# Information supplied:
----------------

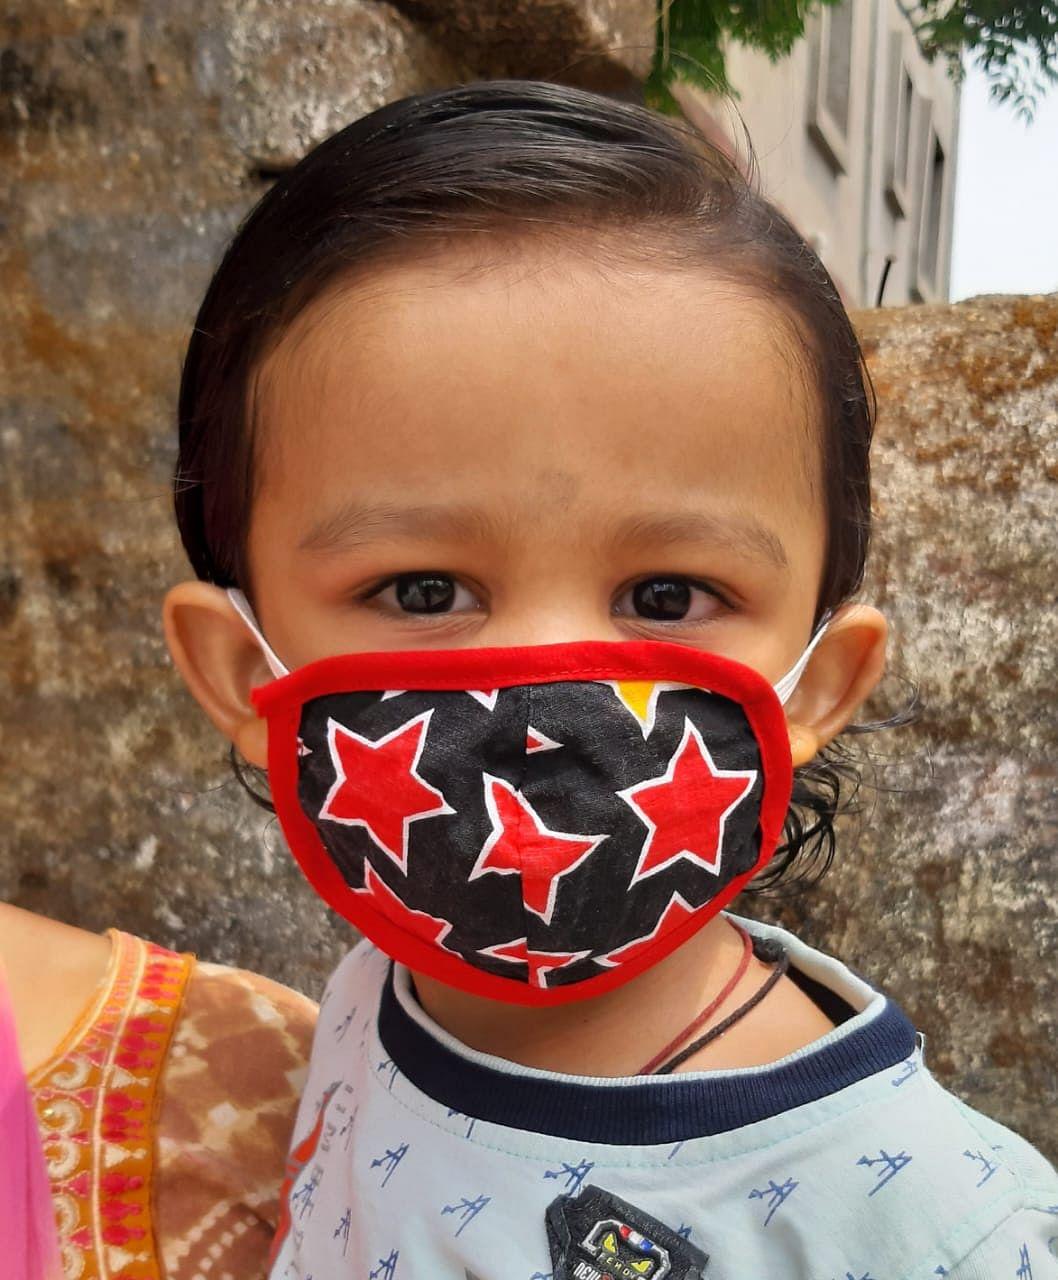 कोरोना से बच्चों को बचाने के लिए मास्क पहनना कितना जरुरी, जानें नयी गाइडलाइंस में क्या है
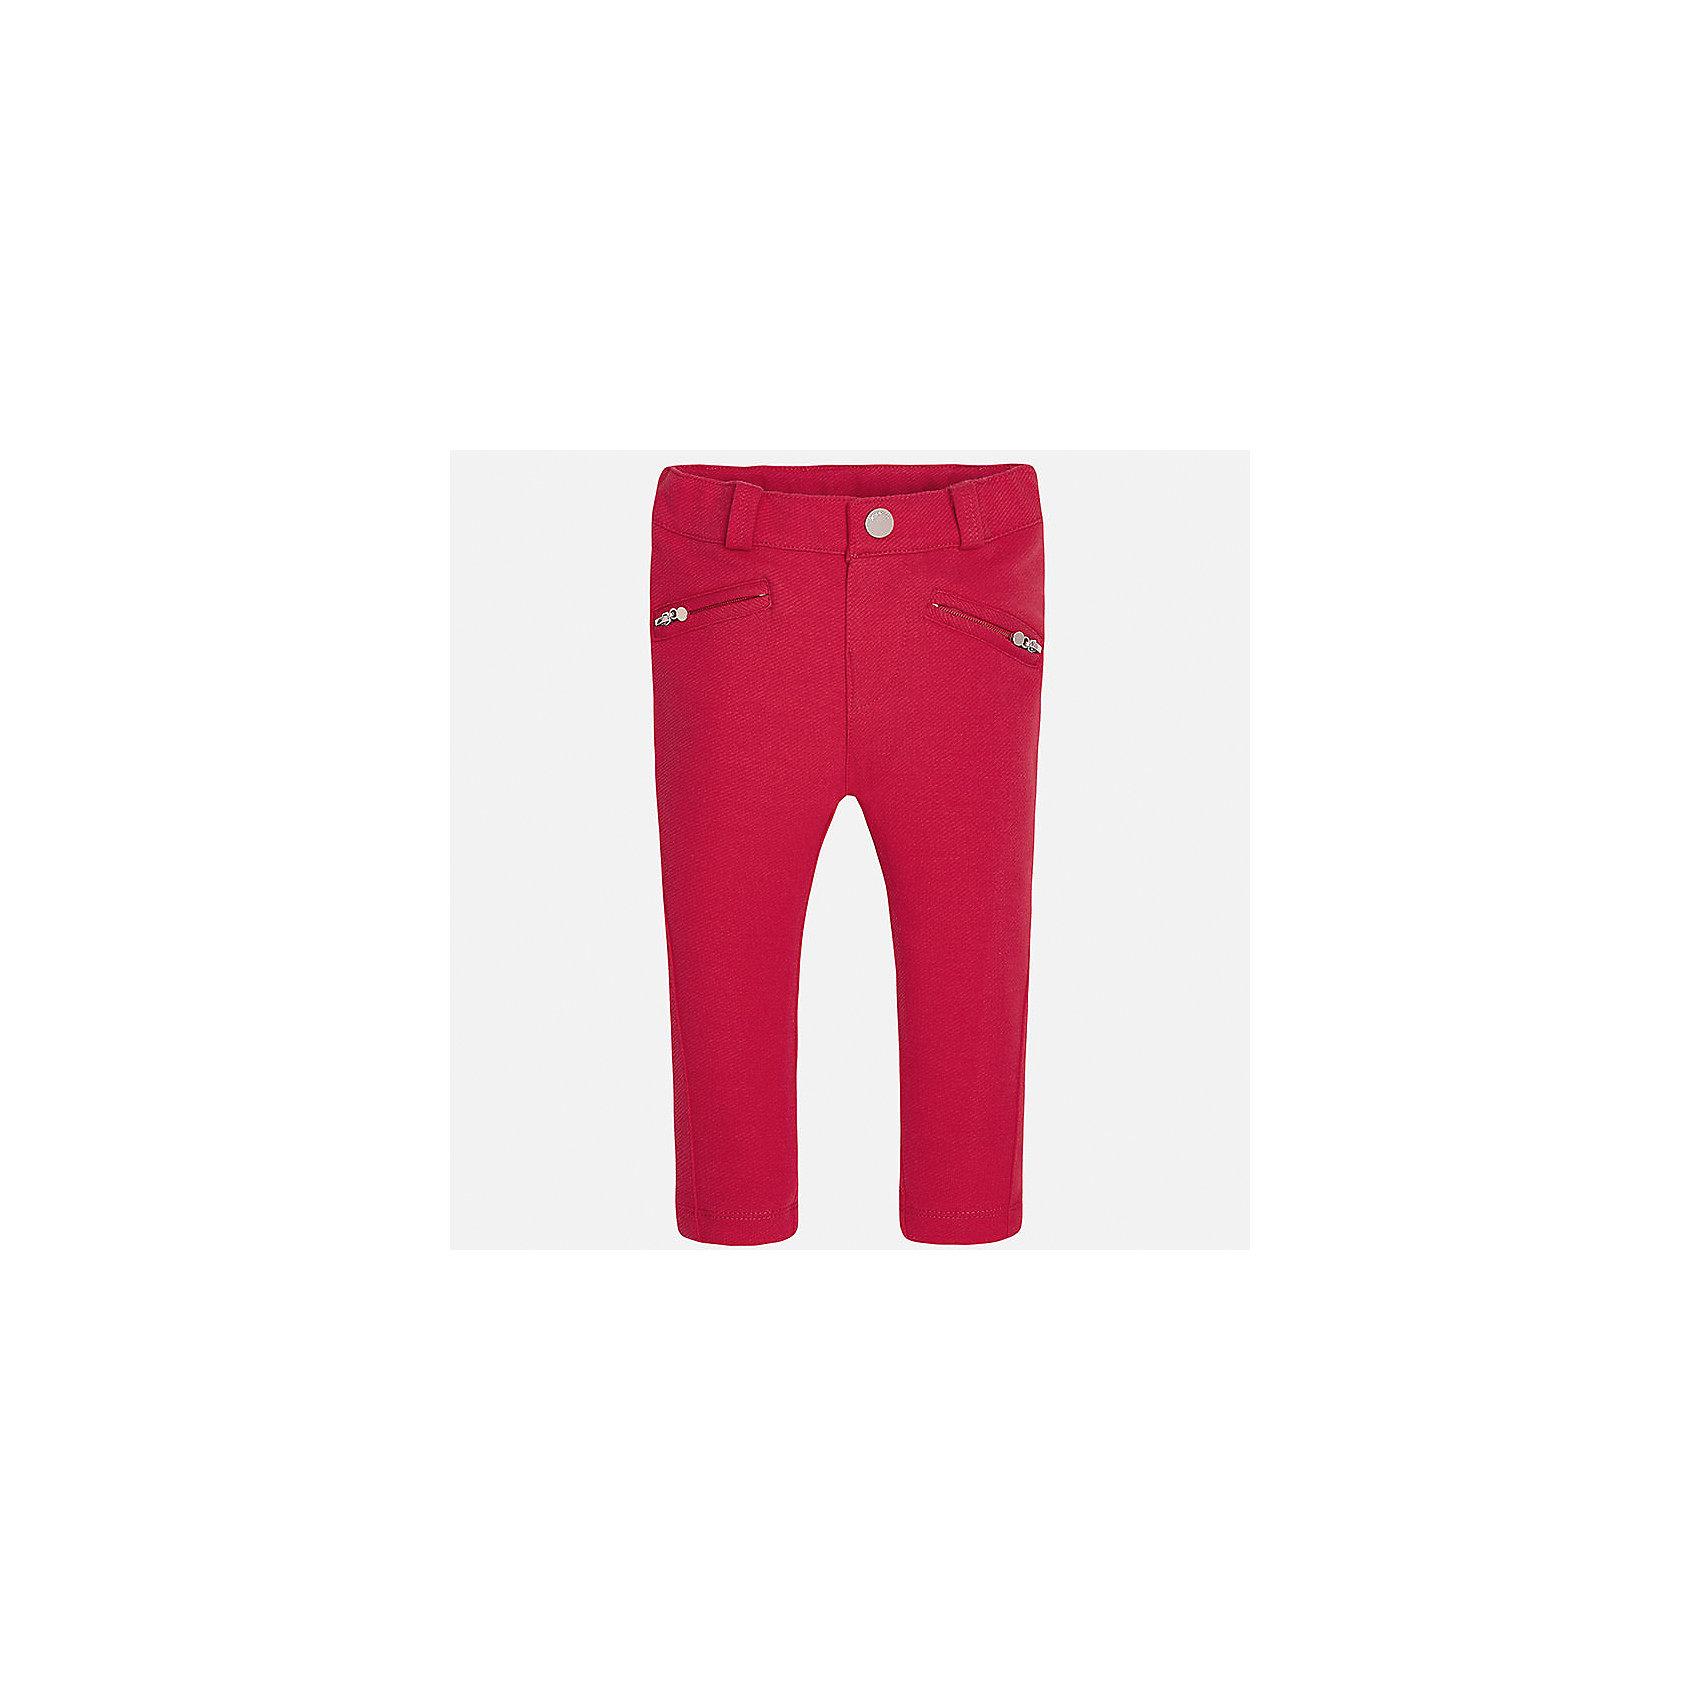 Леггинсы для девочки MayoralКомплекты<br>Характеристики товара:<br><br>• цвет: красный<br>• состав: 62% хлопок, 33% полиэстер, 5% эластан<br>• шлевки<br>• эластичный материал<br>• карманы<br>• приятный оттенок<br>• страна бренда: Испания<br><br>Модные леггинсы для девочки смогут разнообразить гардероб ребенка и украсить наряд. Они отлично сочетаются с майками, футболками, блузками. Красивый оттенок позволяет подобрать к вещи верх разных расцветок. В составе материала - натуральный хлопок, гипоаллергенный, приятный на ощупь, дышащий. Леггинсы отлично сидят и не стесняют движения.<br><br>Одежда, обувь и аксессуары от испанского бренда Mayoral полюбились детям и взрослым по всему миру. Модели этой марки - стильные и удобные. Для их производства используются только безопасные, качественные материалы и фурнитура. Порадуйте ребенка модными и красивыми вещами от Mayoral! <br><br>Леггинсы для девочки от испанского бренда Mayoral (Майорал) можно купить в нашем интернет-магазине.<br><br>Ширина мм: 123<br>Глубина мм: 10<br>Высота мм: 149<br>Вес г: 209<br>Цвет: красный<br>Возраст от месяцев: 18<br>Возраст до месяцев: 24<br>Пол: Мужской<br>Возраст: Детский<br>Размер: 92,62,74,68,80,86<br>SKU: 4070440
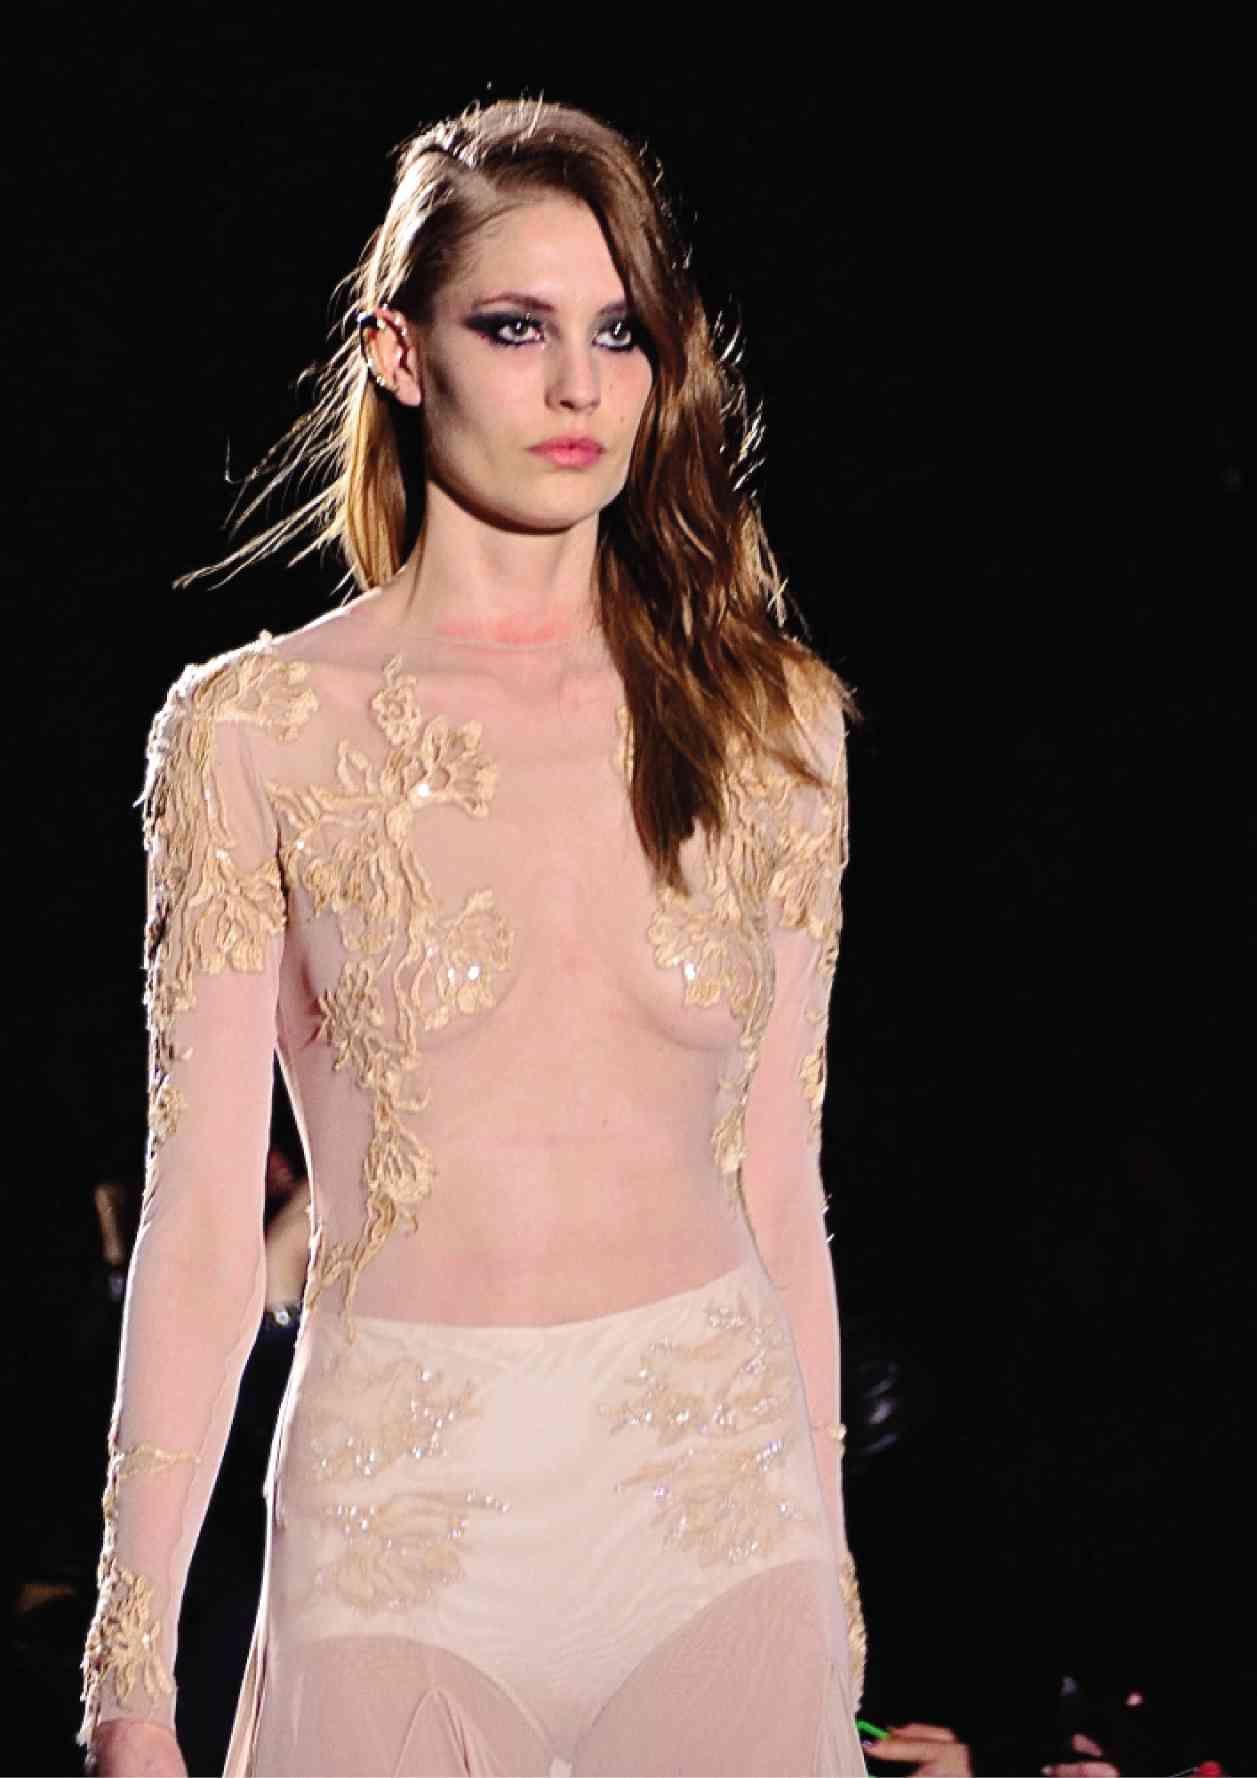 nude fashion Fashion

----------------

# Assignment:
Line by line and exactly, reproduce the span from the line with "Леггинсы для девочки MayoralКомплекты<br>Характеристики" through the end of the data above, both ends included, with pictures left out.

# Solution:
 Леггинсы для девочки MayoralКомплекты<br>Характеристики товара:<br><br>• цвет: красный<br>• состав: 62% хлопок, 33% полиэстер, 5% эластан<br>• шлевки<br>• эластичный материал<br>• карманы<br>• приятный оттенок<br>• страна бренда: Испания<br><br>Модные леггинсы для девочки смогут разнообразить гардероб ребенка и украсить наряд. Они отлично сочетаются с майками, футболками, блузками. Красивый оттенок позволяет подобрать к вещи верх разных расцветок. В составе материала - натуральный хлопок, гипоаллергенный, приятный на ощупь, дышащий. Леггинсы отлично сидят и не стесняют движения.<br><br>Одежда, обувь и аксессуары от испанского бренда Mayoral полюбились детям и взрослым по всему миру. Модели этой марки - стильные и удобные. Для их производства используются только безопасные, качественные материалы и фурнитура. Порадуйте ребенка модными и красивыми вещами от Mayoral! <br><br>Леггинсы для девочки от испанского бренда Mayoral (Майорал) можно купить в нашем интернет-магазине.<br><br>Ширина мм: 123<br>Глубина мм: 10<br>Высота мм: 149<br>Вес г: 209<br>Цвет: красный<br>Возраст от месяцев: 18<br>Возраст до месяцев: 24<br>Пол: Мужской<br>Возраст: Детский<br>Размер: 92,62,74,68,80,86<br>SKU: 4070440
 nude fashion Fashion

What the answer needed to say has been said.